# Zoo Walk with the D7100, Kitty Shots



## robbins.photo (Sep 13, 2014)

Well got out to the zoo this weekend, really enjoying the new camera.  Got a chance to mix up the lens selection a bit and just generally had a good time.  Ok, so I'll get the kitties done first:




20140913 374 by robbins.photo, on Flickr




20140913 081 by robbins.photo, on Flickr




20140913 229 by robbins.photo, on Flickr




20140913 409 by robbins.photo, on Flickr




20140913 491 by robbins.photo, on Flickr




20140913 494 by robbins.photo, on Flickr


----------



## sscarmack (Sep 13, 2014)

I like number 5 the best. Nicely done. 


Sent from my iPhone using Tapatalk


----------



## limr (Sep 13, 2014)

Love the first one and that "I keel you!" look


----------



## robbins.photo (Sep 13, 2014)

limr said:


> Love the first one and that "I keel you!" look



Lol.. ya, for whatever reason the puma never really liked me that much.  Normally he'll hide in the corner or head outdoors whenever he sees me coming, and sadly the enclosures outside are heavy wire that you can't get close enough too to shoot through properly, they have barriers/hedges in the way.  

But every once in a great while he'll take time out of his busy day to give me a dirty look.. lol


----------



## robbins.photo (Sep 13, 2014)

sscarmack said:


> I like number 5 the best. Nicely done.
> 
> 
> Sent from my iPhone using Tapatalk



All in all I was pretty happy with those, for being shot at 6400 I really wasn't expecting them to turn out well at all.


----------



## BillM (Sep 13, 2014)

robbins.photo said:


> But every once in a great while he'll take time out of his busy day to give me a dirty look.. lol



Is his name Gary 


I took Kitty shots too !!!!! He's not the most active kitty i ever seen but it makes composing a shot much easier


----------



## robbins.photo (Sep 13, 2014)

BillM said:


> Is his name Gary
> 
> 
> I took Kitty shots too !!!!! He's not the most active kitty i ever seen but it makes composing a shot much easier



Rotfl - not sure about the puma's name, I'll ask next time I see one of the keepers milling about.  Love your kitty shot by the way.  He looks terribly ferocious.. lol


----------



## pjaye (Sep 13, 2014)

That is one pissed off looking puma.  As always, well done. Nice to see you're enjoying the new camera.


----------



## baturn (Sep 13, 2014)

Excellent! #5 for me too. Is that a leopard or a jaguar?


----------



## robbins.photo (Sep 13, 2014)

symplybarb said:


> That is one pissed off looking puma.  As always, well done. Nice to see you're enjoying the new camera.
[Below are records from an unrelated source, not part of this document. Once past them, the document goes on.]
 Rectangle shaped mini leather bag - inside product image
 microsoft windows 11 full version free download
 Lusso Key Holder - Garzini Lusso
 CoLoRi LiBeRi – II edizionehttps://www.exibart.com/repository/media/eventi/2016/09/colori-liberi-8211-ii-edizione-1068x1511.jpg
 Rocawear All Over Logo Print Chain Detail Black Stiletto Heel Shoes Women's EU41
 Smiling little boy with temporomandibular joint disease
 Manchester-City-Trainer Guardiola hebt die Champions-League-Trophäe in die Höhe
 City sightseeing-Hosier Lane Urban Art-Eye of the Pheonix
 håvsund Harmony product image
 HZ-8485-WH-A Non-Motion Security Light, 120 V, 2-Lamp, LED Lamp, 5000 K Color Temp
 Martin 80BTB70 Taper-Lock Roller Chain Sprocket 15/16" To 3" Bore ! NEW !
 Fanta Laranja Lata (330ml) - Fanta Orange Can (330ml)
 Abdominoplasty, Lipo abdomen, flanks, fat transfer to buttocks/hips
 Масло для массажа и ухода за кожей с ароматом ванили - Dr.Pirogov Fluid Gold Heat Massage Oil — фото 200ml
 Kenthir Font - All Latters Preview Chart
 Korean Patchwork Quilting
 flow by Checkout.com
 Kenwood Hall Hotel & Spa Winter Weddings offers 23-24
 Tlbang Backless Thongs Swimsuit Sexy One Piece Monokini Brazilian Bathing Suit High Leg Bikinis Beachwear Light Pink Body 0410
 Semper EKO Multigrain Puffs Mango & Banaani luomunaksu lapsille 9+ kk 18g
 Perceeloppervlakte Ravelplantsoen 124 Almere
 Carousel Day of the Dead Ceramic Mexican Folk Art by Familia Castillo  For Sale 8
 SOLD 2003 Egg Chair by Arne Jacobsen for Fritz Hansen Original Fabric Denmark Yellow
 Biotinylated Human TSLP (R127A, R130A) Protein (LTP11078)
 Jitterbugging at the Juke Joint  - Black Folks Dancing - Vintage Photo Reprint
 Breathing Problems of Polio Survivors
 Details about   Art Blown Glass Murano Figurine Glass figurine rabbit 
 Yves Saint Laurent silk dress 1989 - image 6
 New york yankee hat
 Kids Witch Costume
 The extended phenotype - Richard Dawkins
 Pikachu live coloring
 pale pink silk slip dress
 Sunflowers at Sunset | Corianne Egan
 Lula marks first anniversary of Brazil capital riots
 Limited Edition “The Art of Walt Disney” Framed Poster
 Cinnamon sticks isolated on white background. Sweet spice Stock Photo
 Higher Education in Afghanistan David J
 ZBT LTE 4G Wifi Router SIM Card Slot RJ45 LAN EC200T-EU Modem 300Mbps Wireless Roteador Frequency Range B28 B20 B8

Oh ya, having a blast with it.  Hoping to get out again tomorrow.


----------



## robbins.photo (Sep 13, 2014)

baturn said:


> Excellent! #5 for me too. Is that a leopard or a jaguar?



Jaguar - the leopard was playing hard to get today.  Maybe I can tick him off bad enough that I can get a shot of him tomorrow.. lol.


----------



## pthrift (Sep 14, 2014)

Great set!  The first cat is making a great face to overthrow grumpy cat for Internet memes


----------



## annamaria (Sep 14, 2014)

Nice captures, especially like number one.  Looks like he was really sore at you.


----------



## sashbar (Sep 14, 2014)

## 1 and 5 for me are great. I think there is always a challenge when shooting animals in the zoo to have it look natural. Nos 1 and 5 for me transcend the zoo environment and look fantastic. Is it the eye contact and the emotional connection that you captured, but I really like it. And that is from the guy who normally does not like zoo shots. I think the DoF in no 5 is spot on and quite creative, highlighting his eyes. Probably your best shot of all I have seen.


----------



## Pejacre (Sep 14, 2014)

robbins.photo said:


> All in all I was pretty happy with those, for being shot at 6400 I really wasn't expecting them to turn out well at all.



Wow, great shots - and for iso 6400 that D7100 noise control really kicks the arse of my 7000.


----------



## robbins.photo (Sep 14, 2014)

sashbar said:


> ## 1 and 5 for me are great. I think there is always a challenge when shooting animals in the zoo to have it look natural. Nos 1 and 5 for me transcend the zoo environment and look fantastic. Is it the eye contact and the emotional connection that you captured, but I really like it. And that is from the guy who normally does not like zoo shots. I think the DoF in no 5 is spot on and quite creative, highlighting his eyes. Probably your best shot of all I have seen.



Thanks Sashbar - that means a lot.. truly.


----------



## robbins.photo (Sep 14, 2014)

spanishgirleyes said:


> Nice captures, especially like number one.  Looks like he was really sore at you.



Yup.. that is one cranky cougar alright.. lol


----------



## Hunter58 (Sep 14, 2014)

Another nice set.  #5 is really nice.  It's an unnatural environment but the way you captured it is great.


----------



## dannylightning (Sep 17, 2014)

That last one is amazing.


----------